Among the lines below, output only those between the line holding "Asus Notebook TP470EZ-EC017T,Intel" and the line holding "Lapis Bard Ducorium", inclusive, exactly as written and with no pictures.

:: EXTRACTED DATA

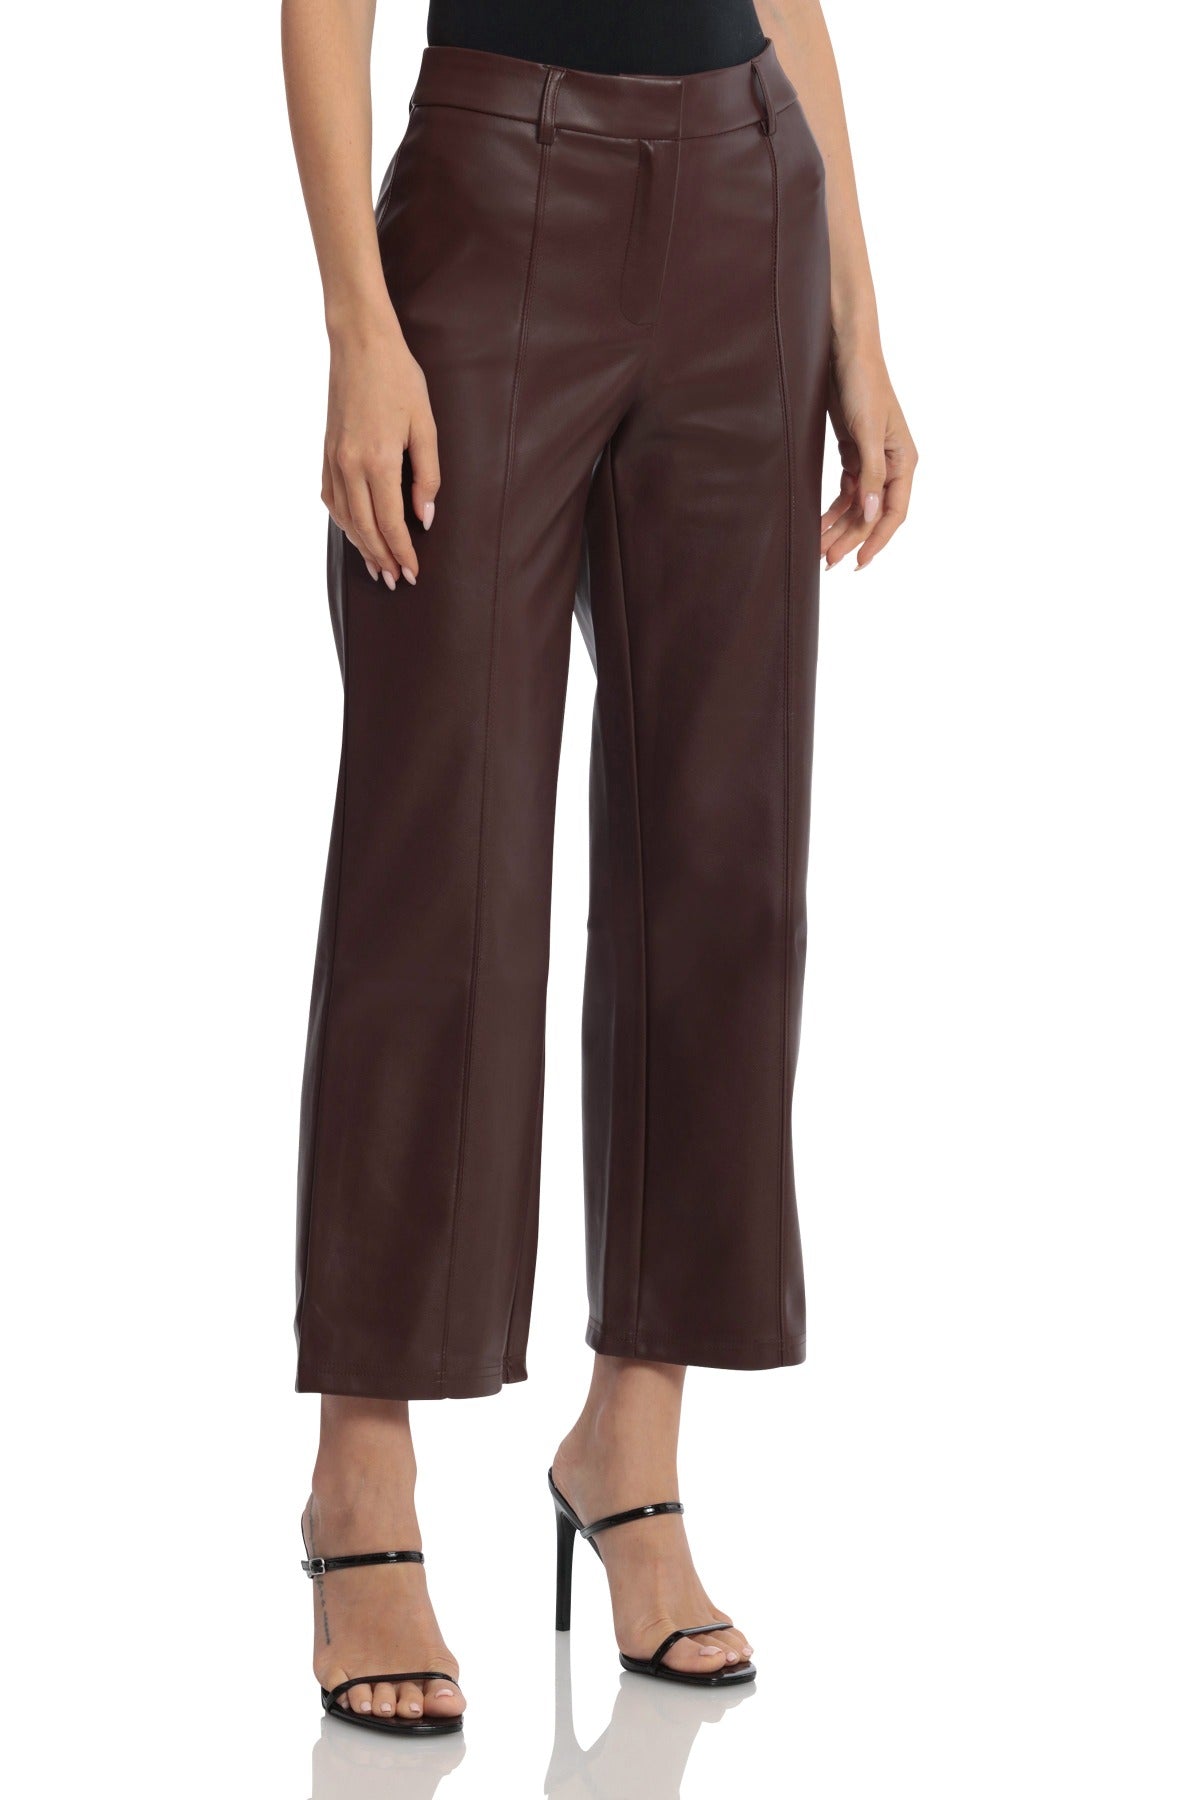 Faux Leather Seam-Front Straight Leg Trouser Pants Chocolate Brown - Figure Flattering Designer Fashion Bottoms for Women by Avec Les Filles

::::
:: EXTRACTED DATA

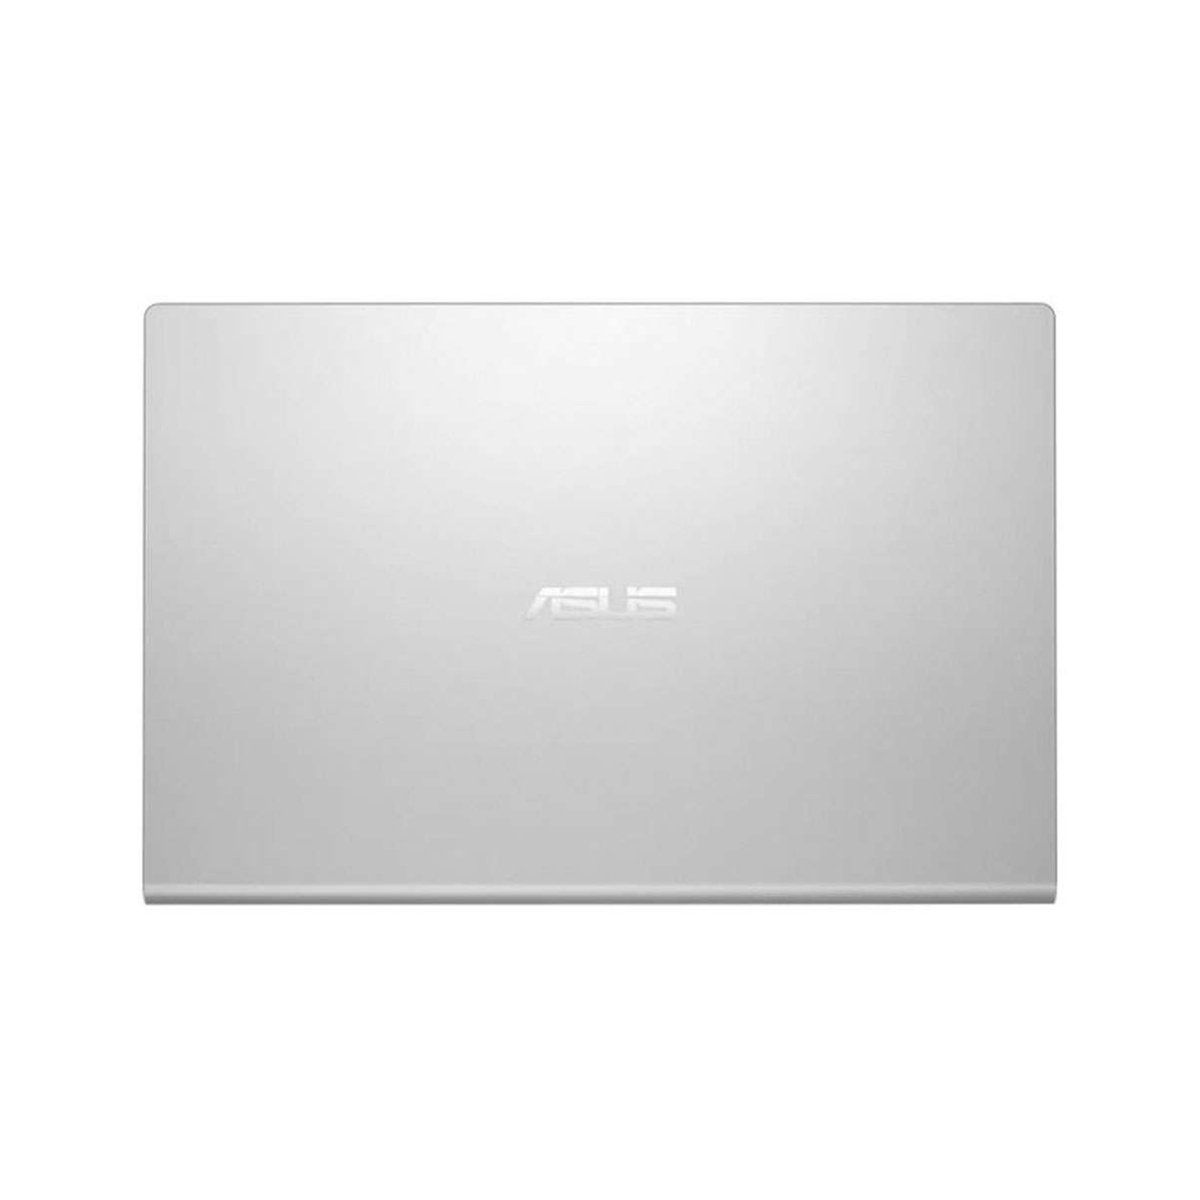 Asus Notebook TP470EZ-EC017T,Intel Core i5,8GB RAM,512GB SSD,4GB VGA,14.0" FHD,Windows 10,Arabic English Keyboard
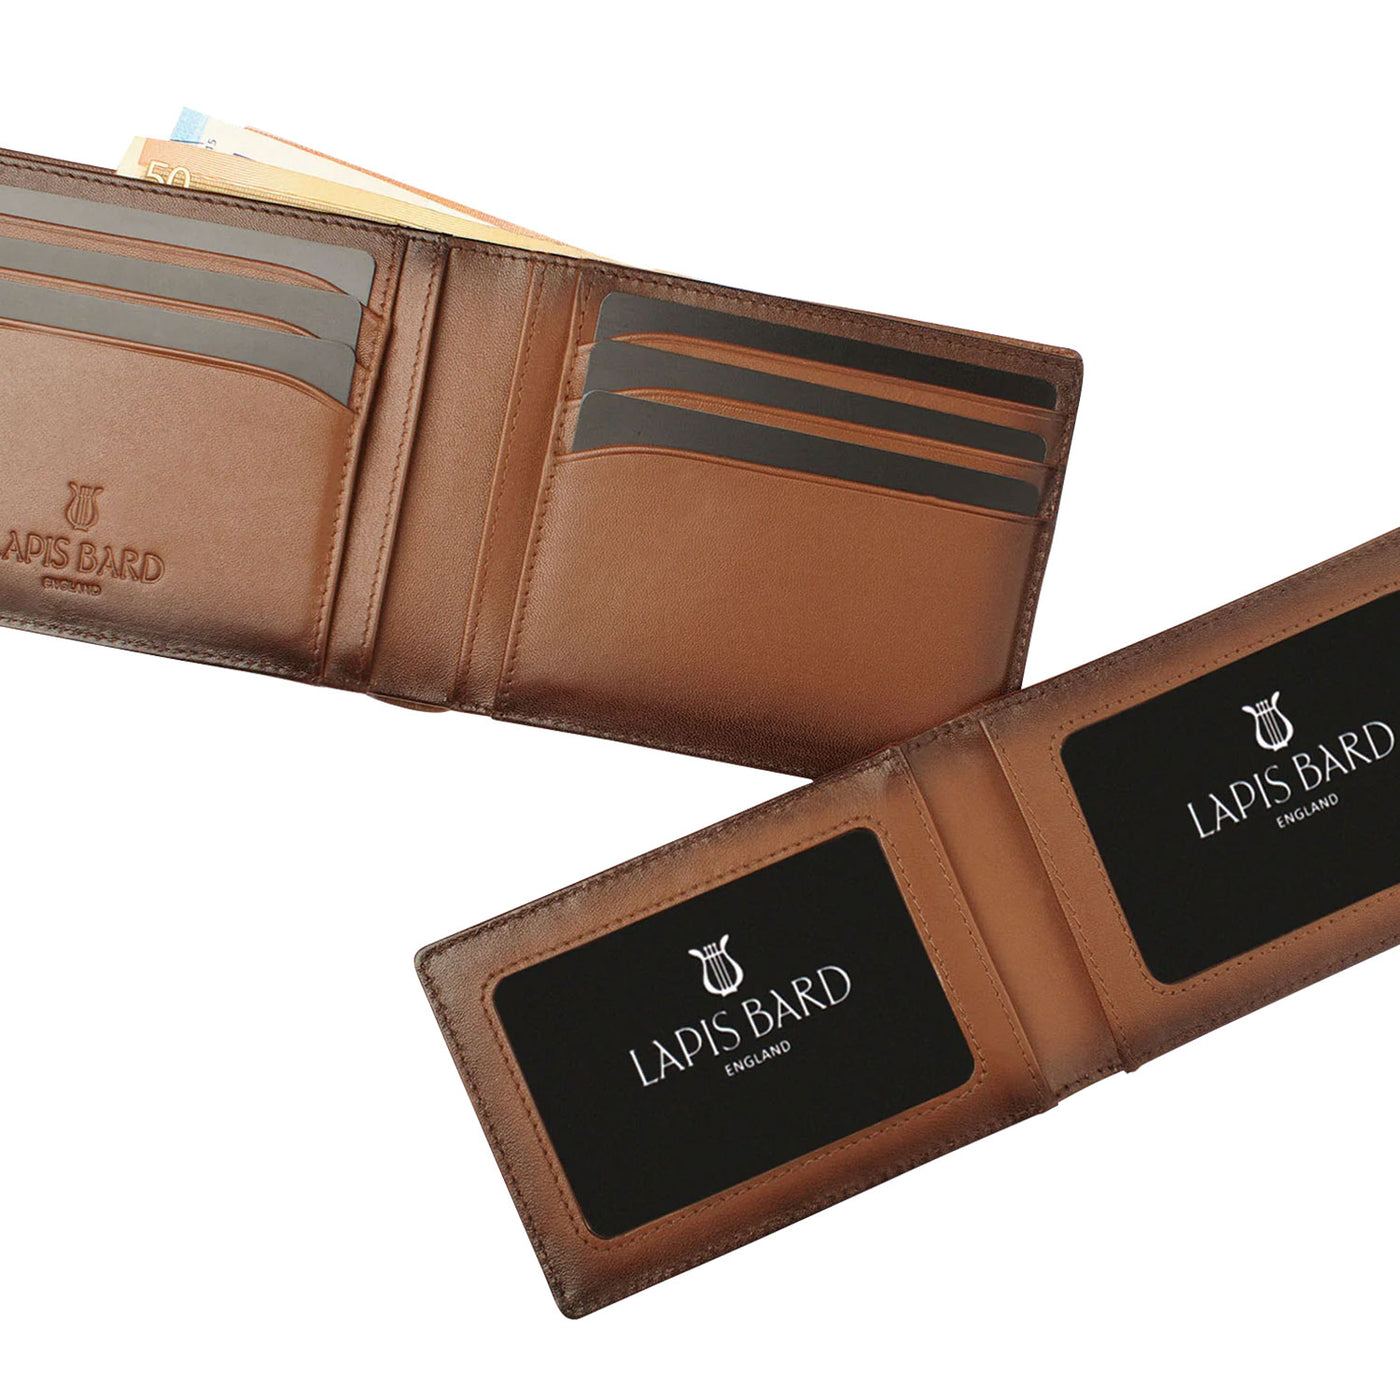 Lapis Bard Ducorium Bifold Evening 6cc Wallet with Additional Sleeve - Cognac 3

::::

:: RESPONSE ::
 Asus Notebook TP470EZ-EC017T,Intel Core i5,8GB RAM,512GB SSD,4GB VGA,14.0" FHD,Windows 10,Arabic English Keyboard
 Lapis Bard Ducorium Bifold Evening 6cc Wallet with Additional Sleeve - Cognac 3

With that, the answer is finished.